Trying to understand some relocation handling on Mach-O X86-64

Rafael Espíndola rafael.espindola at gmail.com
Thu Feb 6 13:52:05 PST 2014


On 6 February 2014 13:37, Nick Kledzik <kledzik at apple.com> wrote:
> Rafael,
>
> 99.9% of the time, you don’t need symbols on literals. But it is that last 0.1%
> that drives this. On i386 and armv7, mach-o uses “scattered relocations”
> to handle these rare cases, but x86_64 (and arm64) do not have scattered
> relocations.
>
> An example is:
>
>         .section __TEXT,__cstring
> L1:
>         .asciz "f"
> L2:
>         .asciz "b"
>
>         .data
>         .quad L1+2
>         .quad L2-2
>
>         .text
>         leaq      %rax, L1+2
>         leaq      %rax, L2-2
>
> If you use local relocations, the values for the .quad and the leaq are evaluated
> by the assembler, and the relocation just tells the linker that there is something
> at that address that might need fixing up.  But as you can see, the linker will
> think each points to the wrong string.

What is the expected meaning with Mach-O? That the relocation always
points 2 byte after the start of a given string (for L1+2)?
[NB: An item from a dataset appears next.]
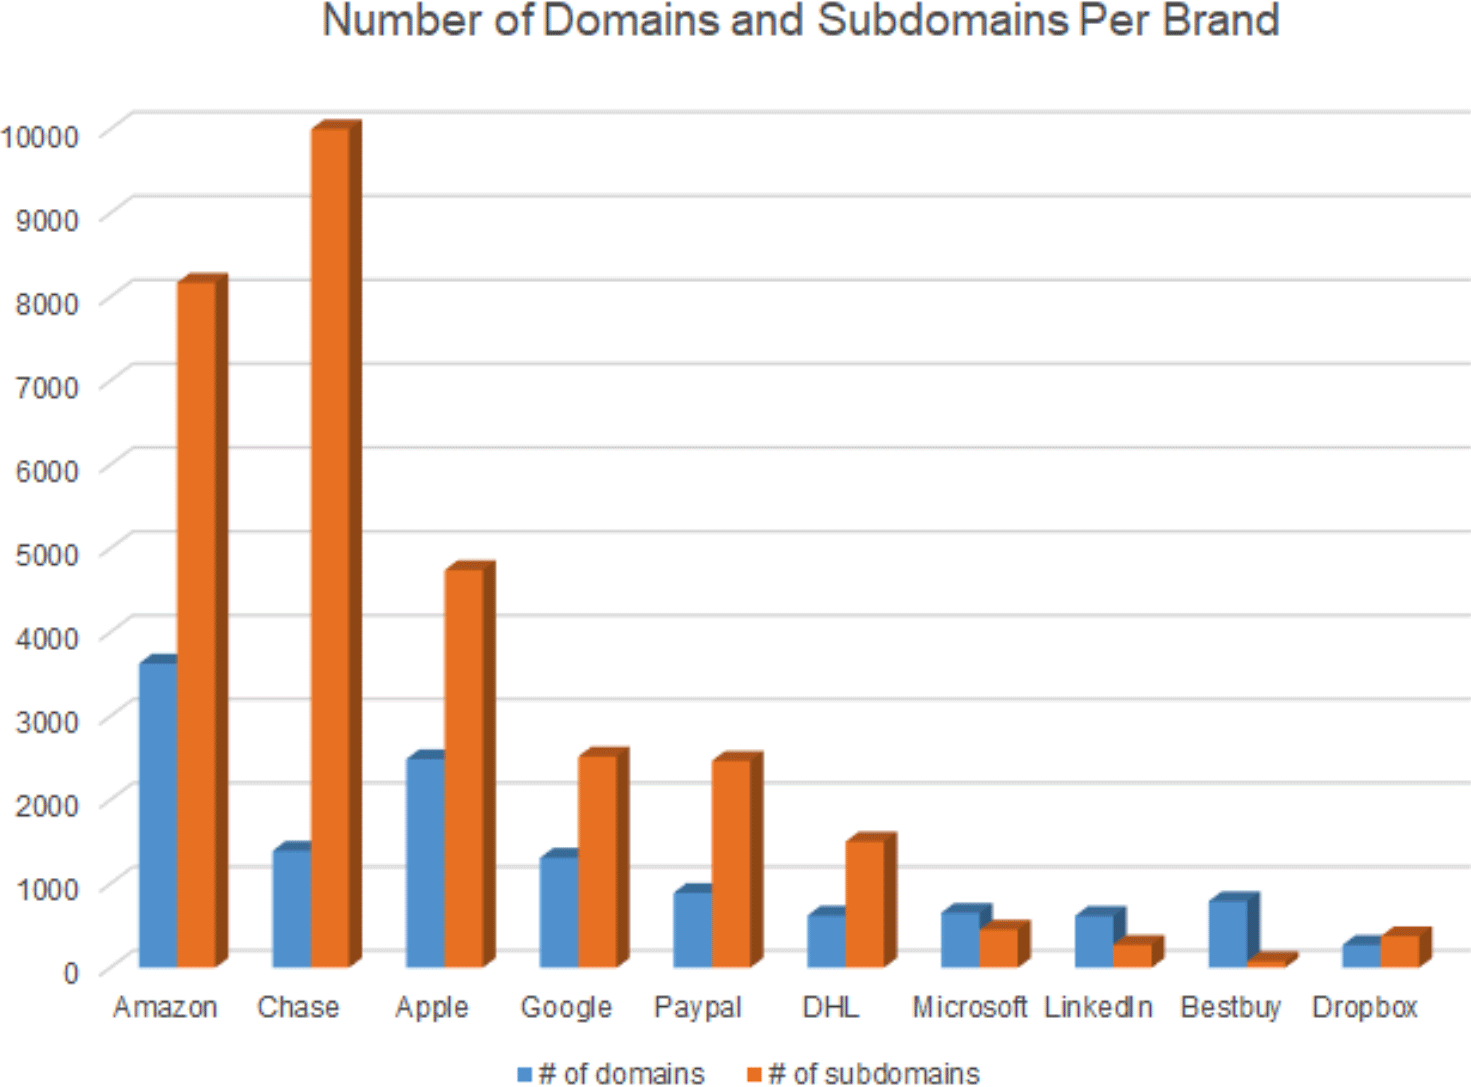 Q2 2021 Top 10 Most Impersonated Brands in Domains 16

> I think this is not a problem for ELF for two reasons:
> 1) the expression L1+2 could be encoded with a RELA relocation where
> the quad/lea points to L1 and the RELA addend contains the +2.
> 2) By default the ELF linker does not merge cstrings, so the “f” and “b” will
> always be next to each other in the final output.  The darwin linker always
> coalesces the __cstring section, so the “f” in this .o file might move to
> replace an “f” from another .o file.

Not quiet. For ELF merging happens or not depending on the section
flags. The sections we use for non unnamed_addr strings are always
mergeable, so from clang's point of view that is the same.

REL or RELA is not the issue. On 32 bits x86 we use REL. on X86-64 we use RELA.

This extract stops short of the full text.